● **Information shown**:

- - -

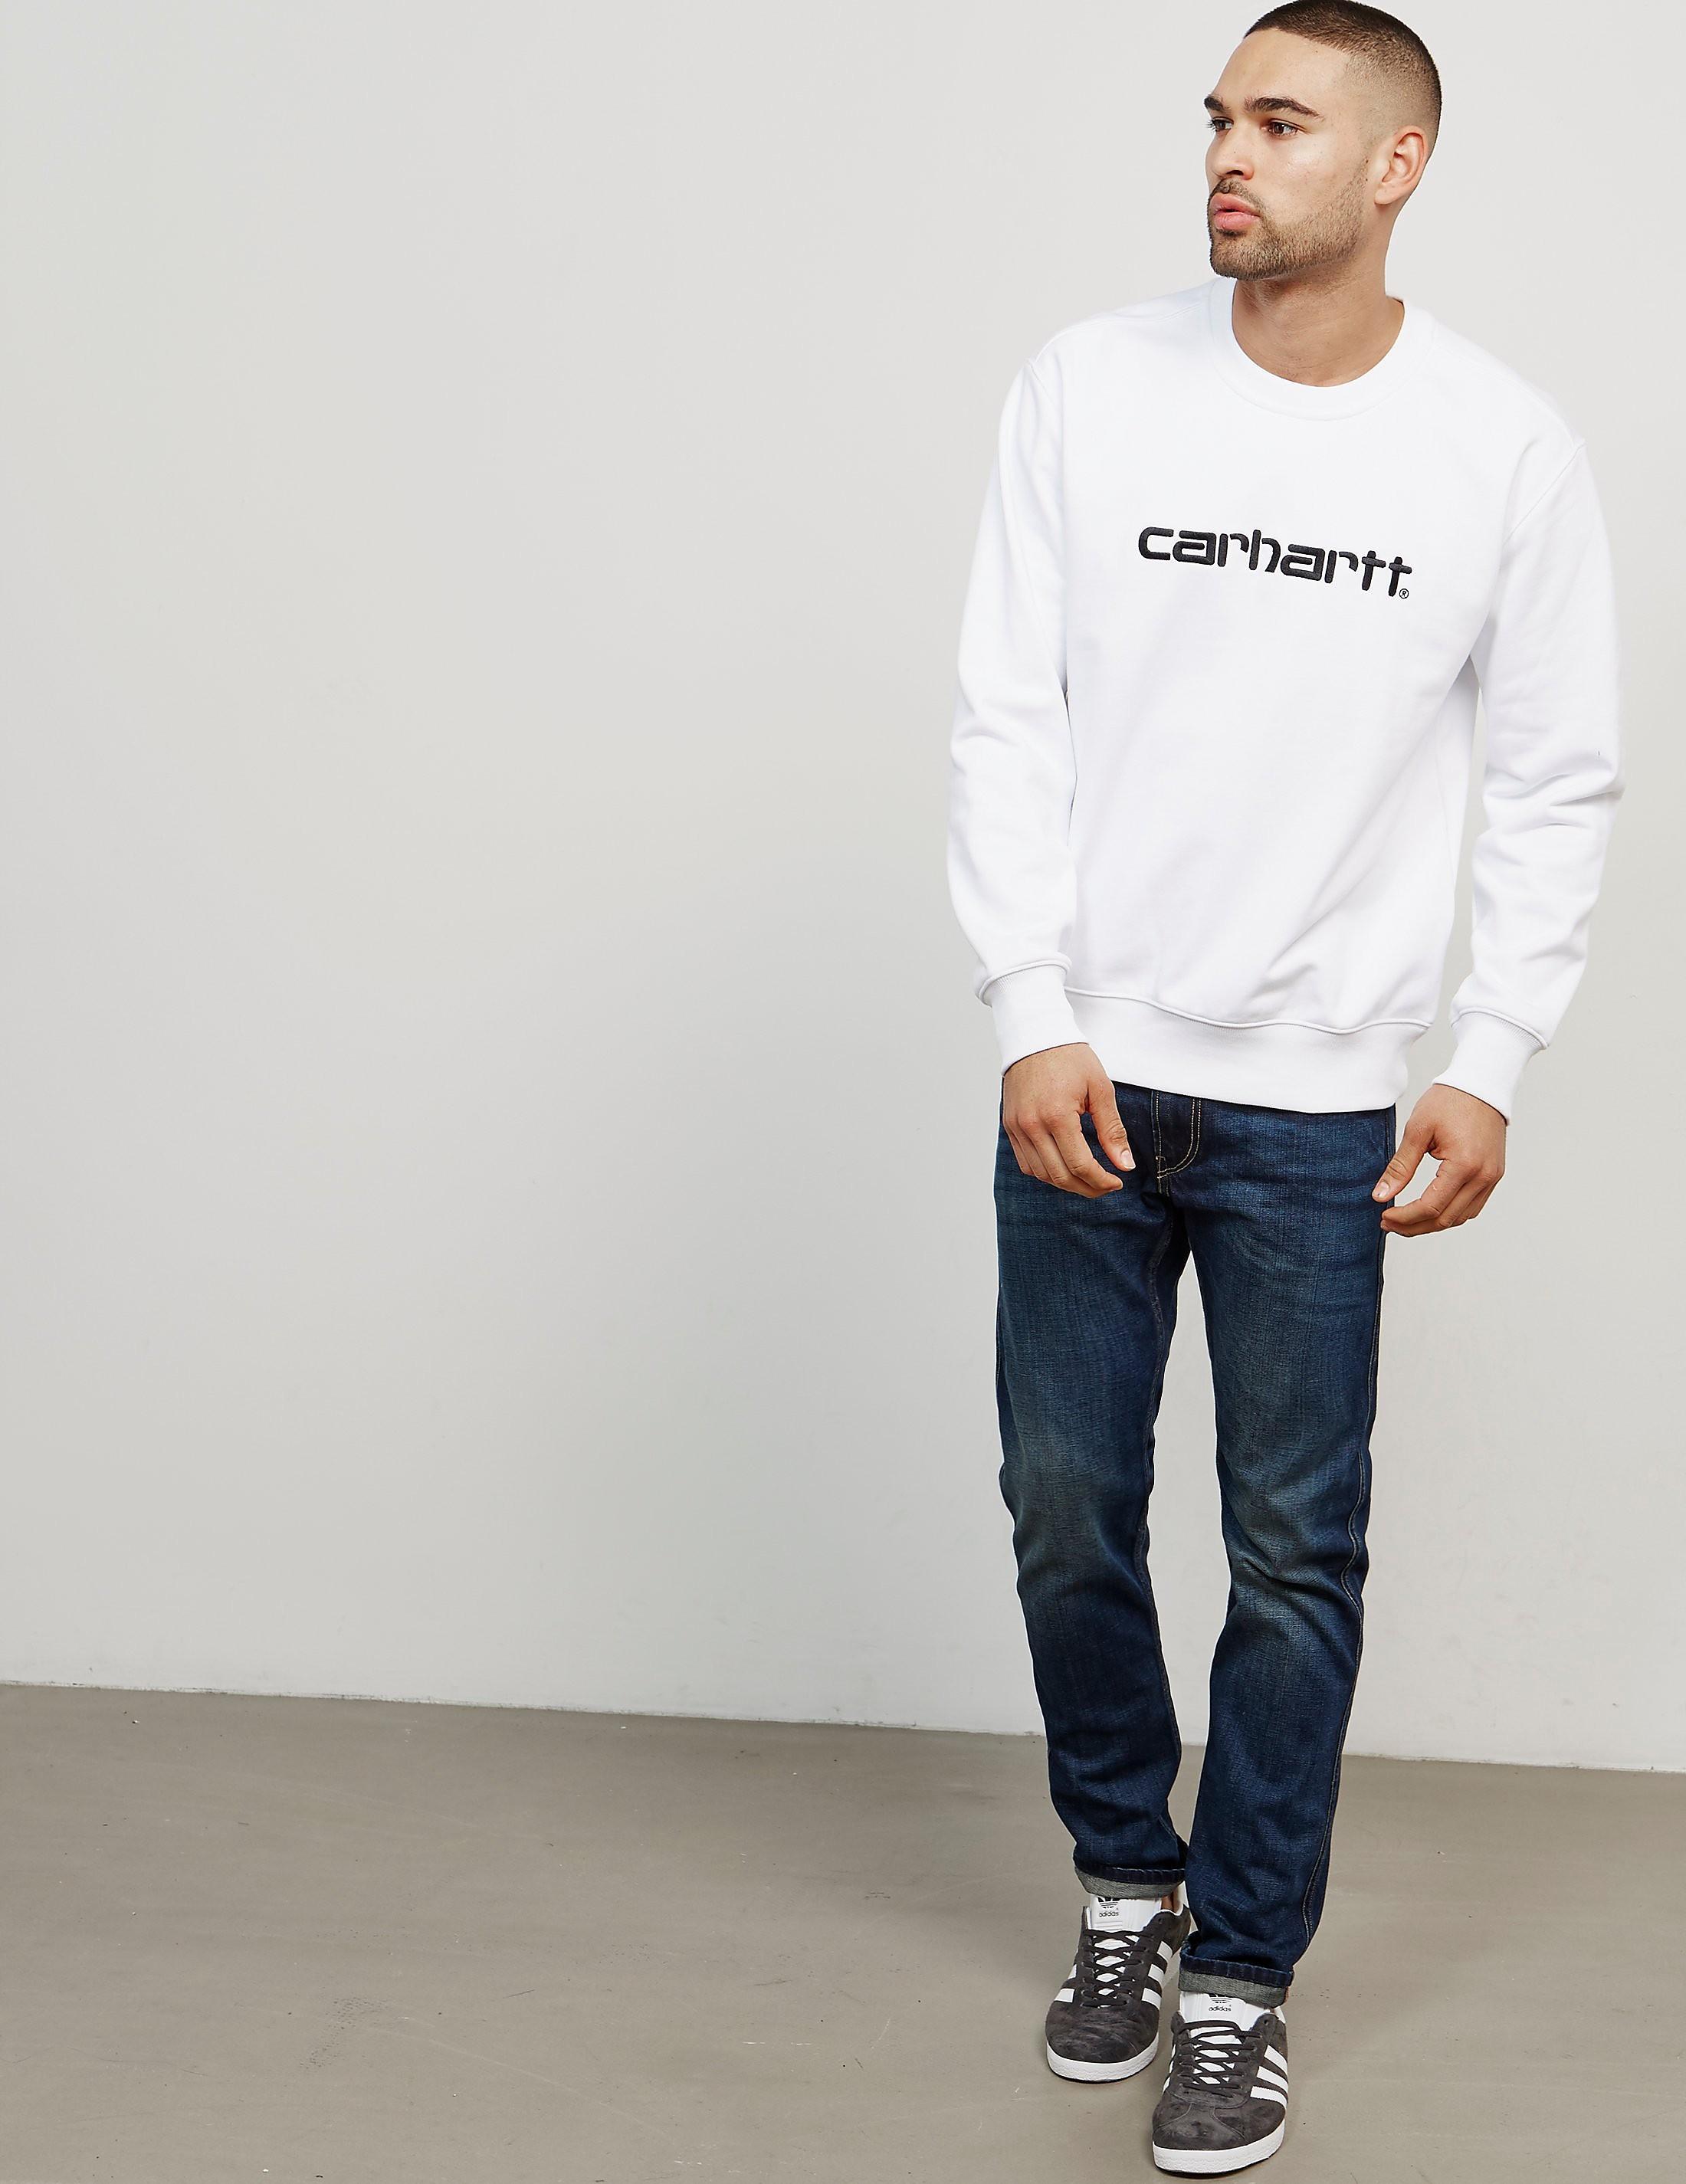 Carhartt WIP Carhartt Crew Sweatshirt
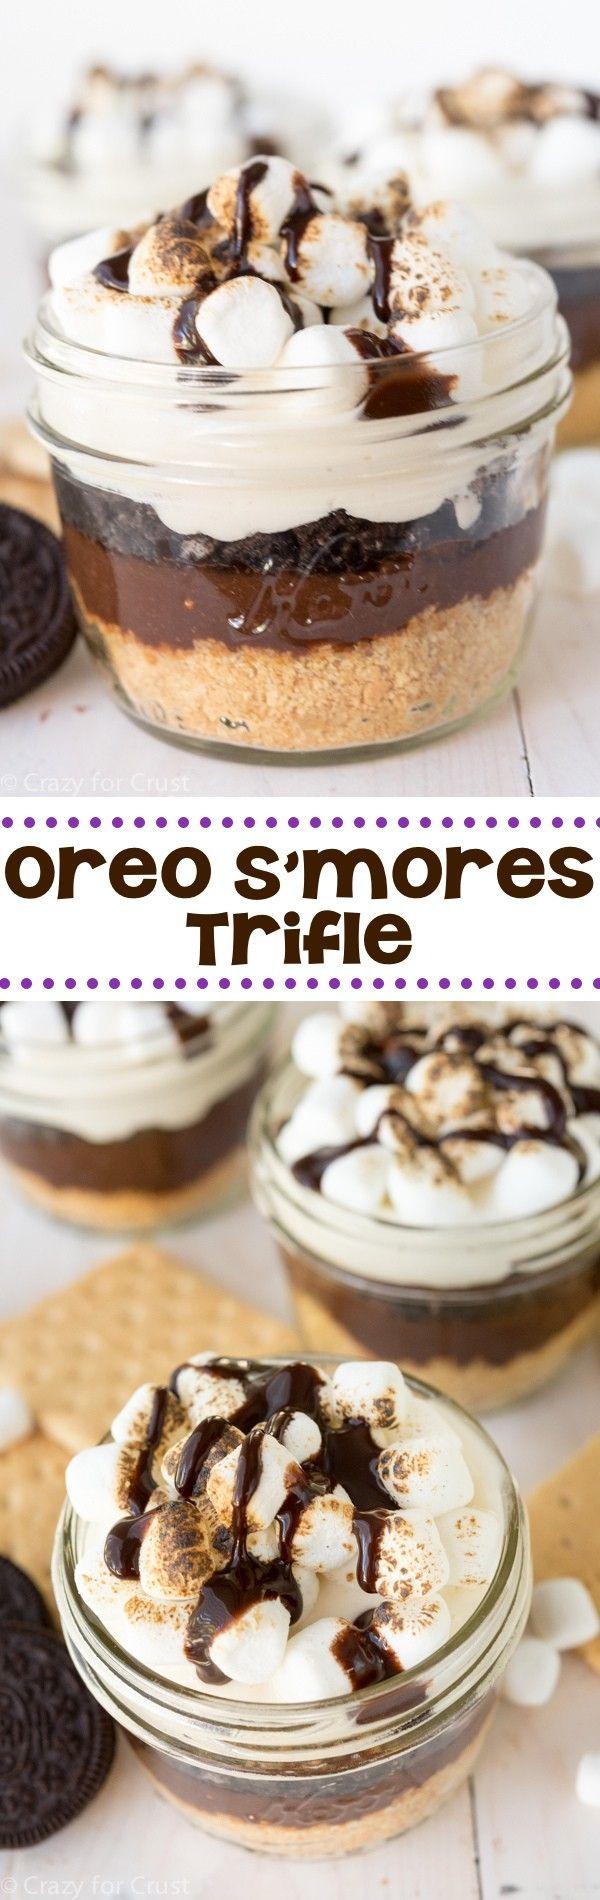 No-Bake Oreo S'mores Trifle ~ Graham cracker crust, chocolate pudding, crushed Oreos, and toasted mini marshmallows!
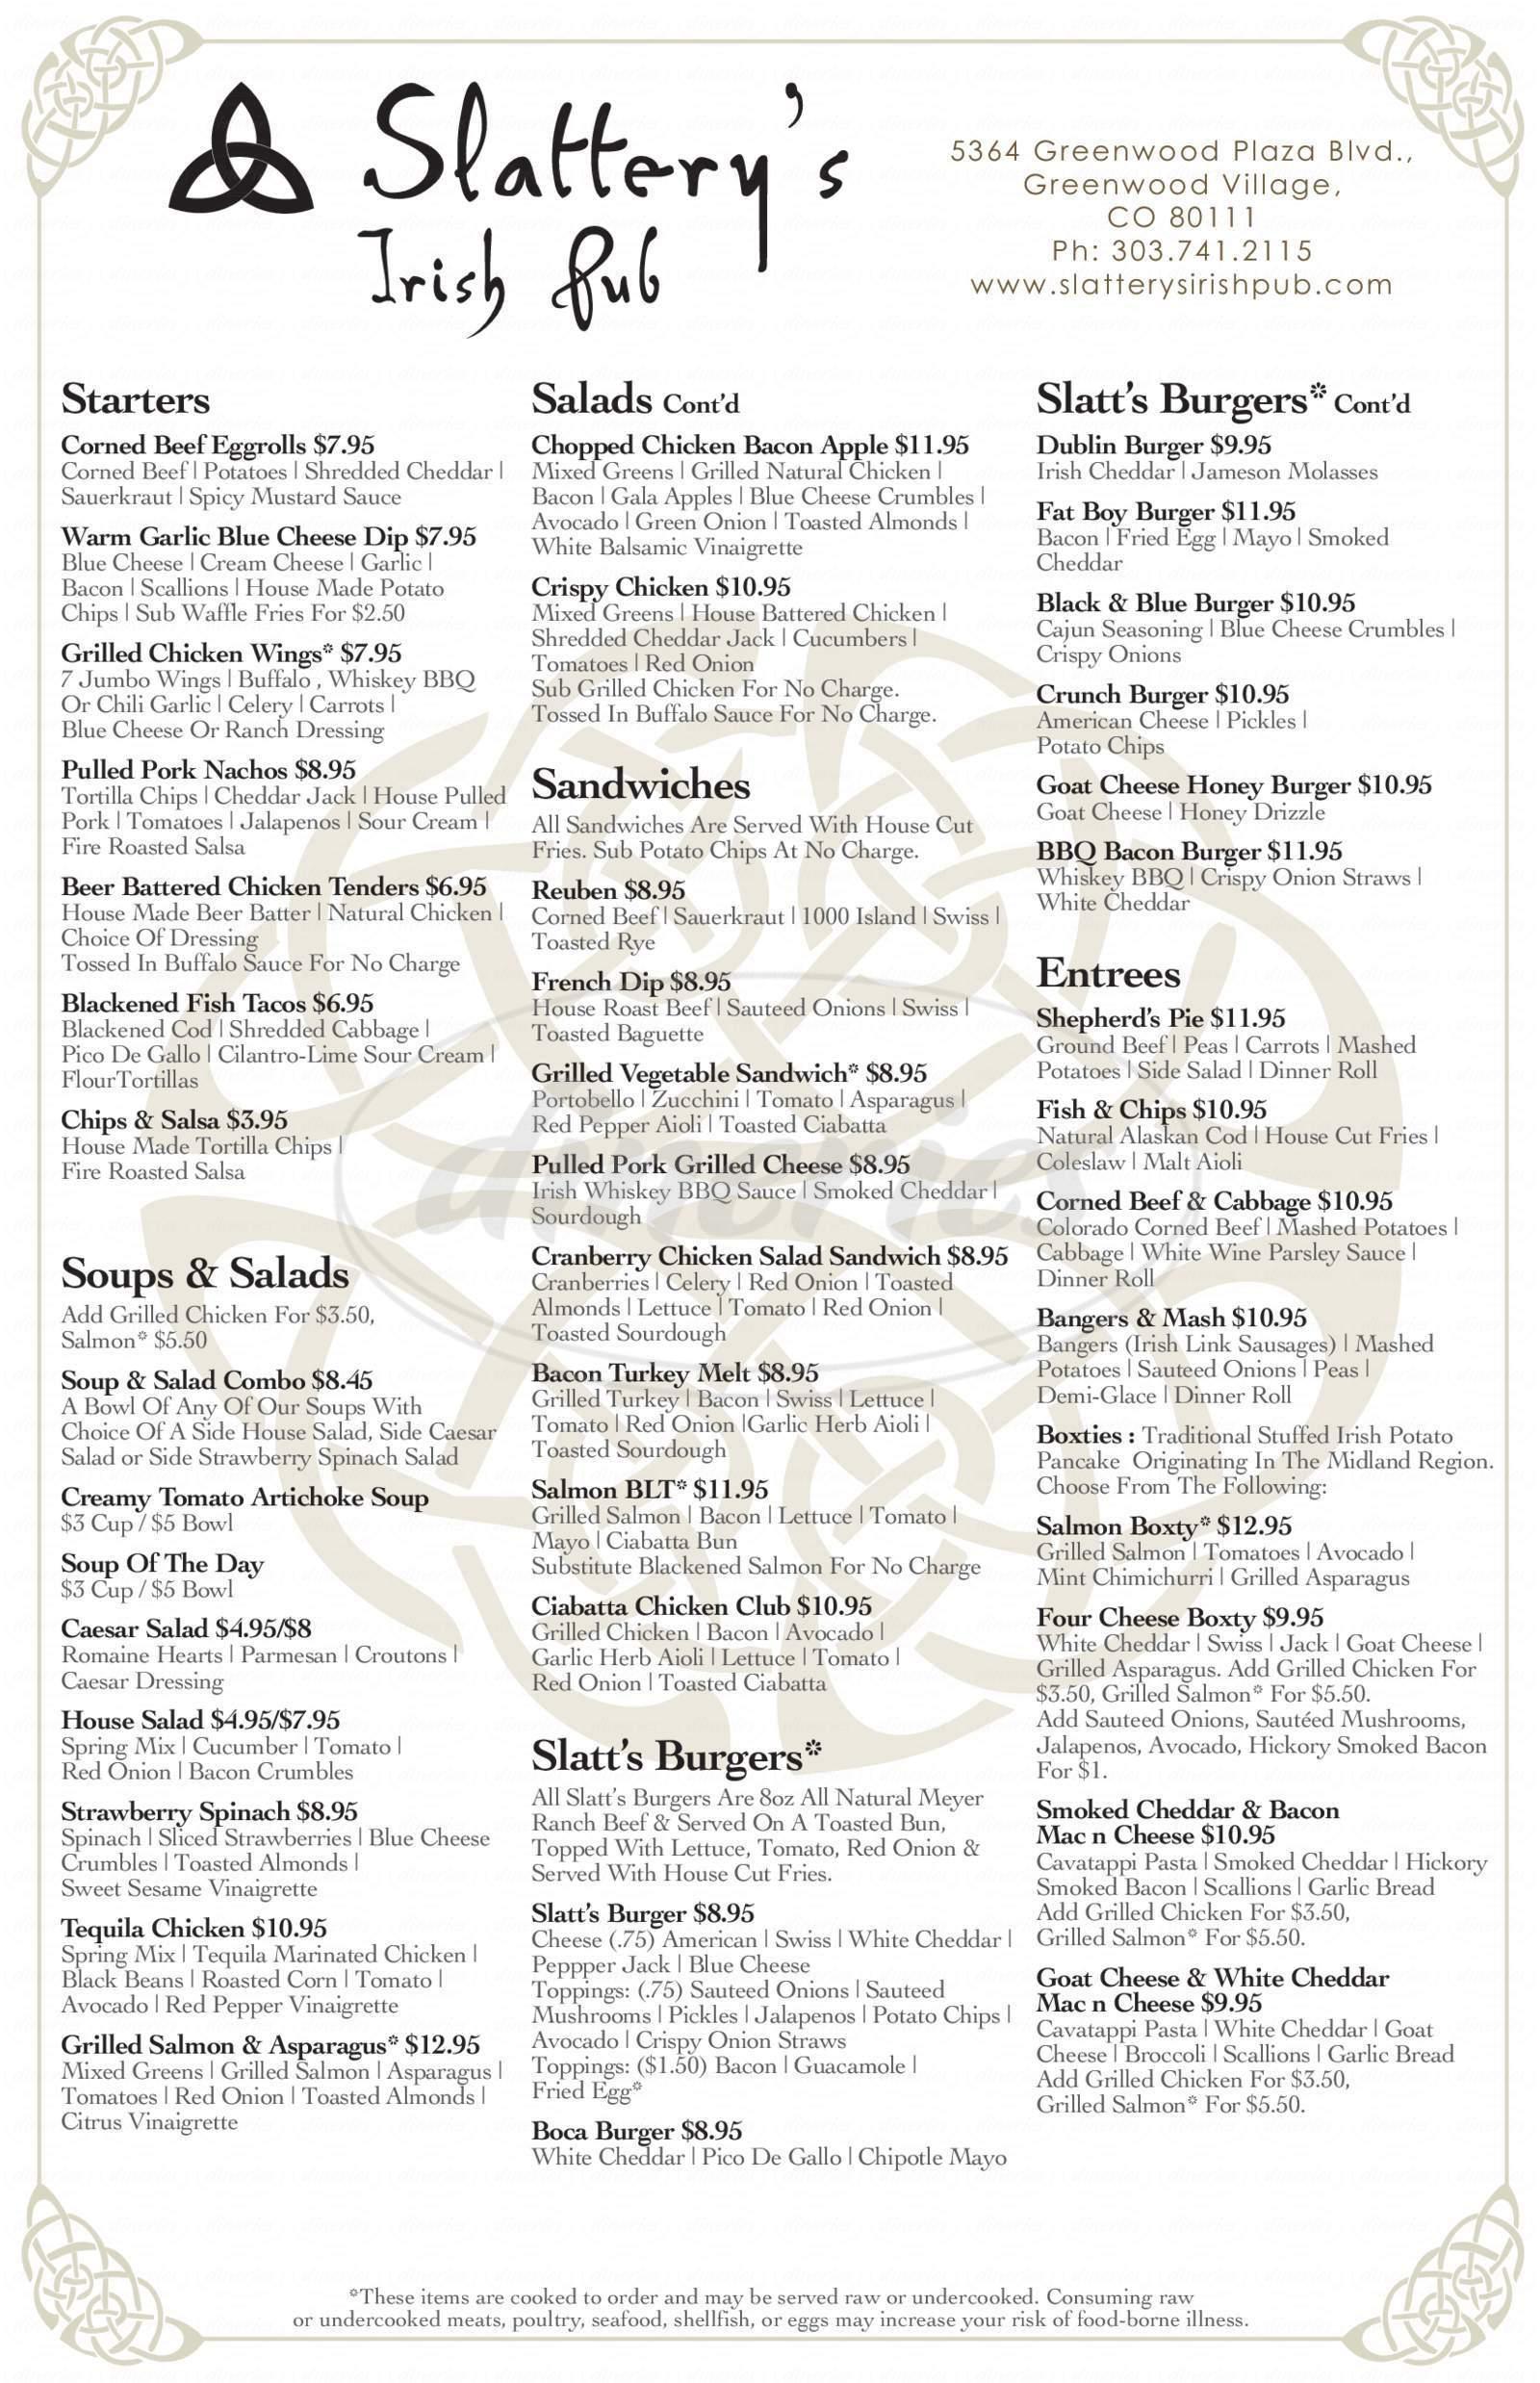 menu for Slattery's Irish Pub

- - -

● **Task instructions**: Wherever a picture appears in the data, please drop it and retype the rest exactly.

● **Answer below**:
 Carhartt WIP Carhartt Crew Sweatshirt
 No-Bake Oreo S'mores Trifle ~ Graham cracker crust, chocolate pudding, crushed Oreos, and toasted mini marshmallows!
 menu for Slattery's Irish Pub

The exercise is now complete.